Top of SUPPLIED INFORMATION

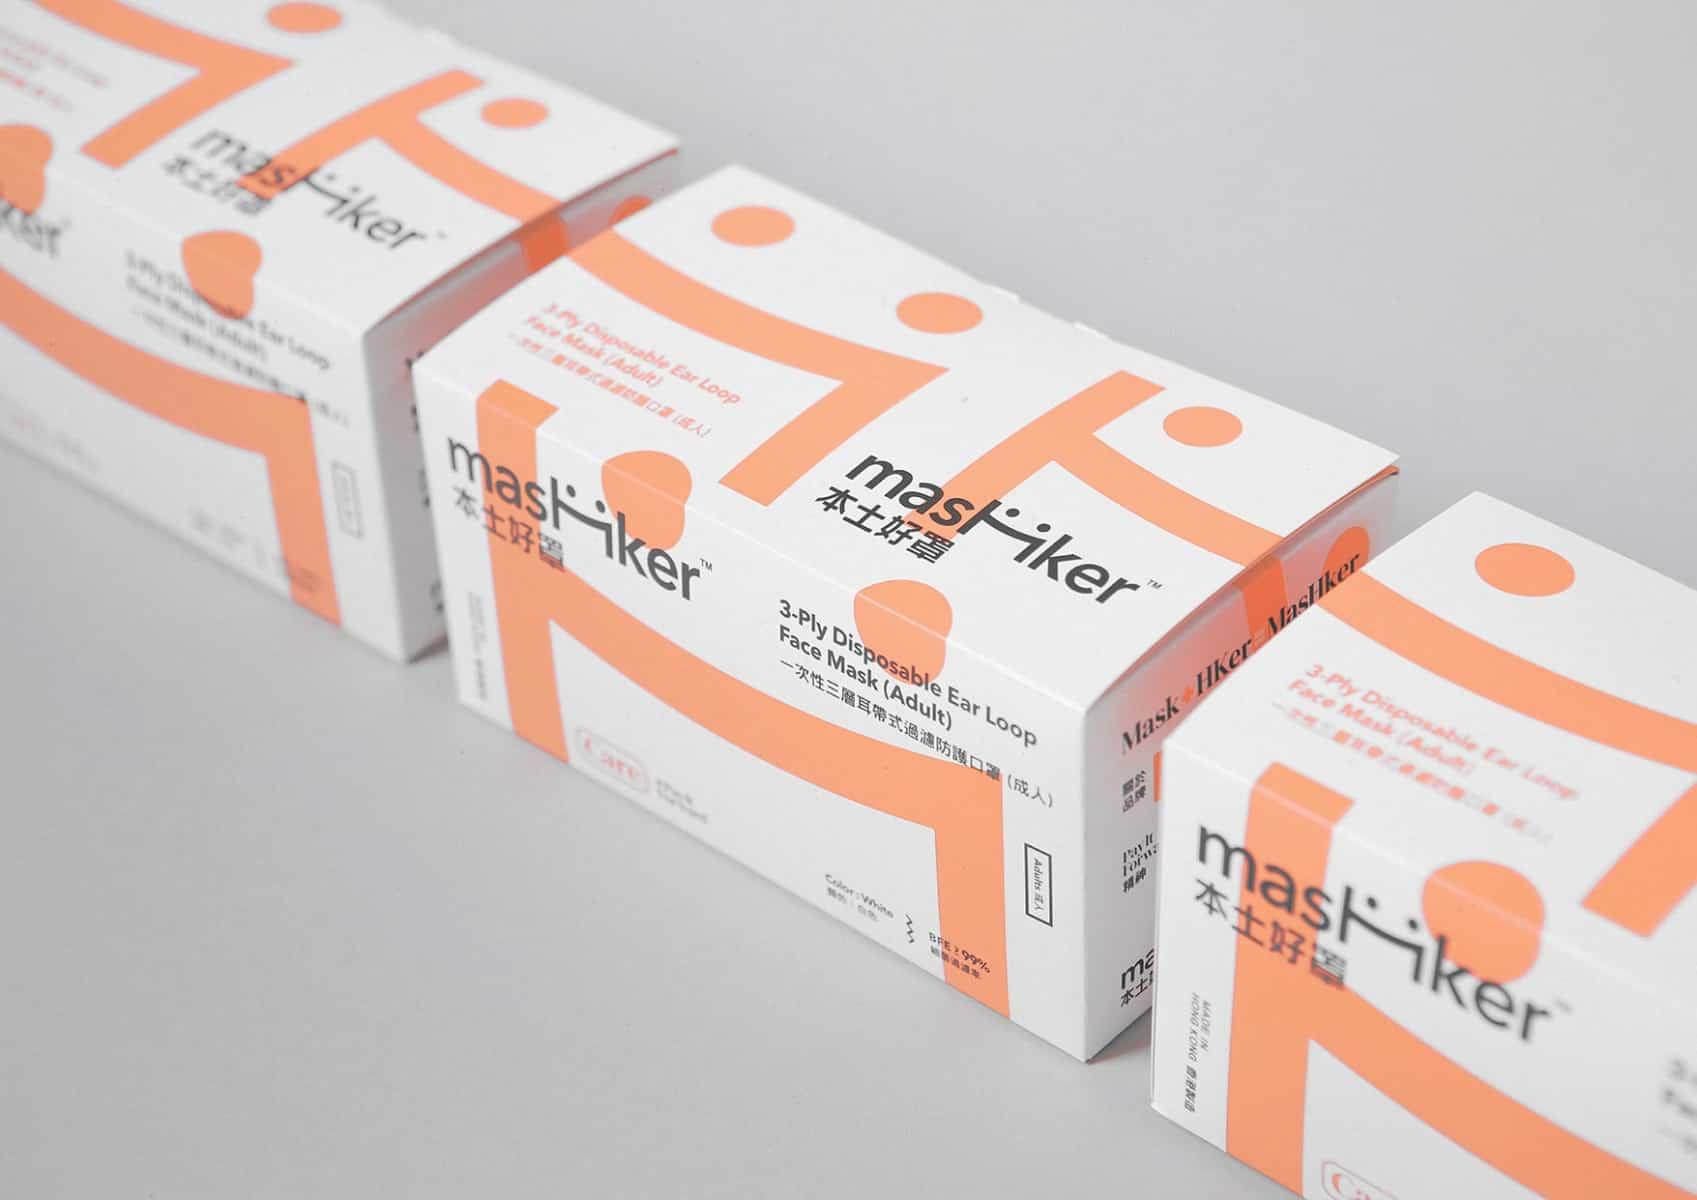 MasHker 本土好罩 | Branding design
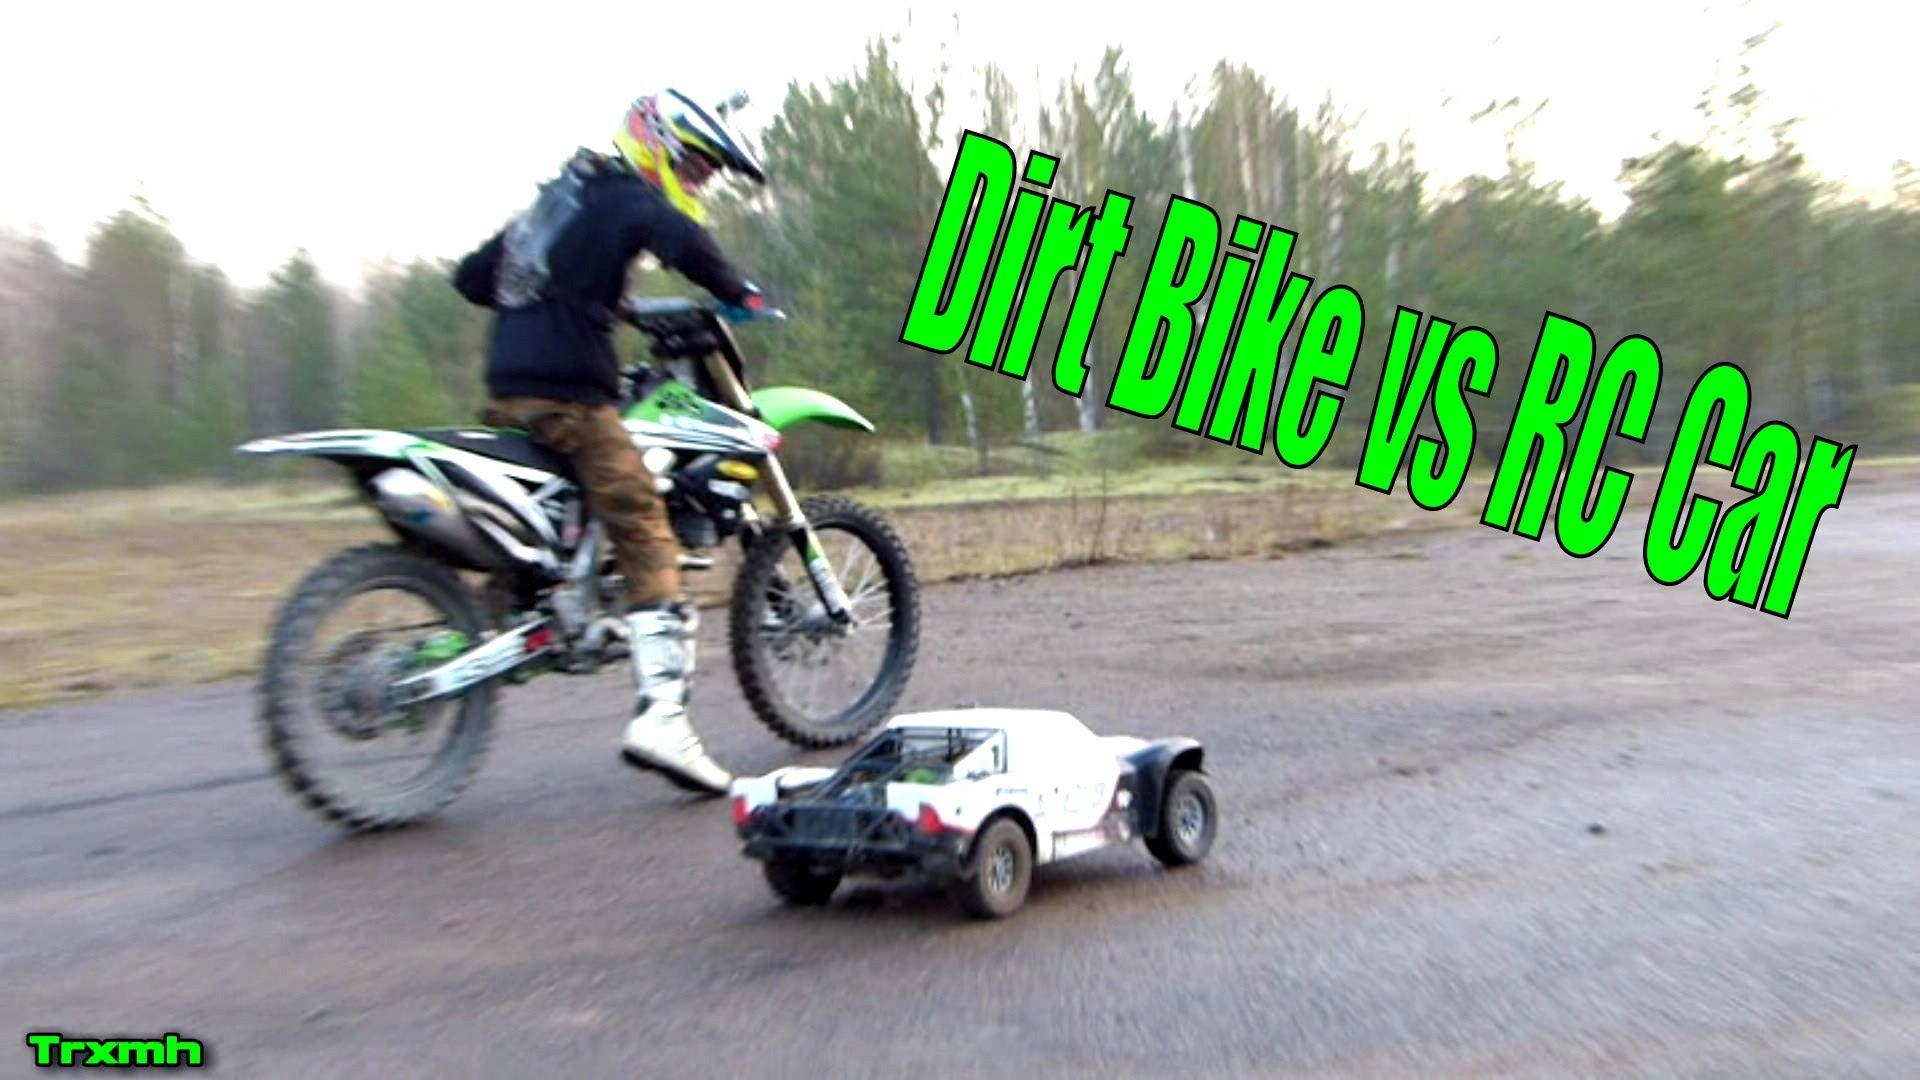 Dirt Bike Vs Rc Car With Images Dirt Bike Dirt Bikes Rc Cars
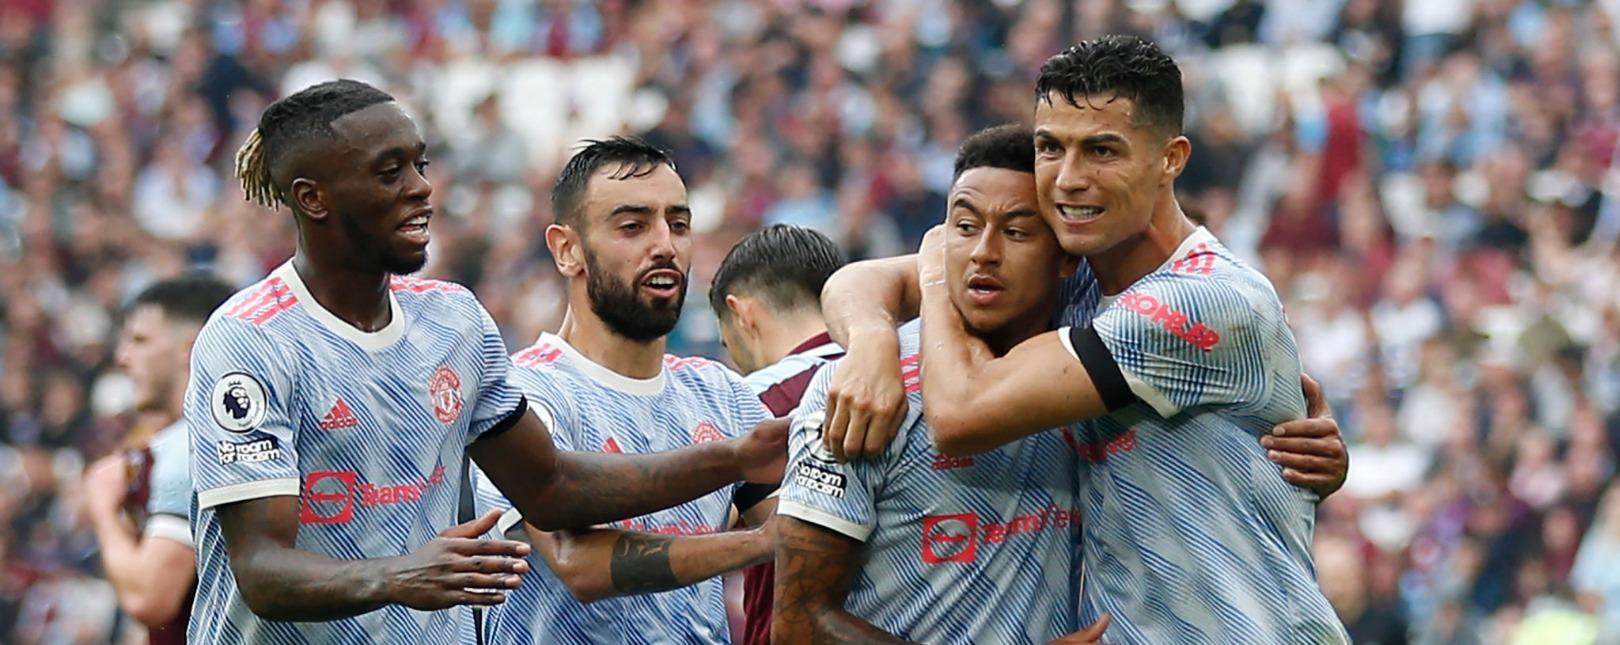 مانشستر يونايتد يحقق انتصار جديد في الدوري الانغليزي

Bottom of SUPPLIED INFORMATION

● **TASK TO COMPLETE**
The answer must repeat every line of the listing exactly and leave the pictures out.

● **REPLY TO THE EXERCISE**
 MasHker 本土好罩 | Branding design
 Dirt Bike Vs Rc Car With Images Dirt Bike Dirt Bikes Rc Cars
 مانشستر يونايتد يحقق انتصار جديد في الدوري الانغليزي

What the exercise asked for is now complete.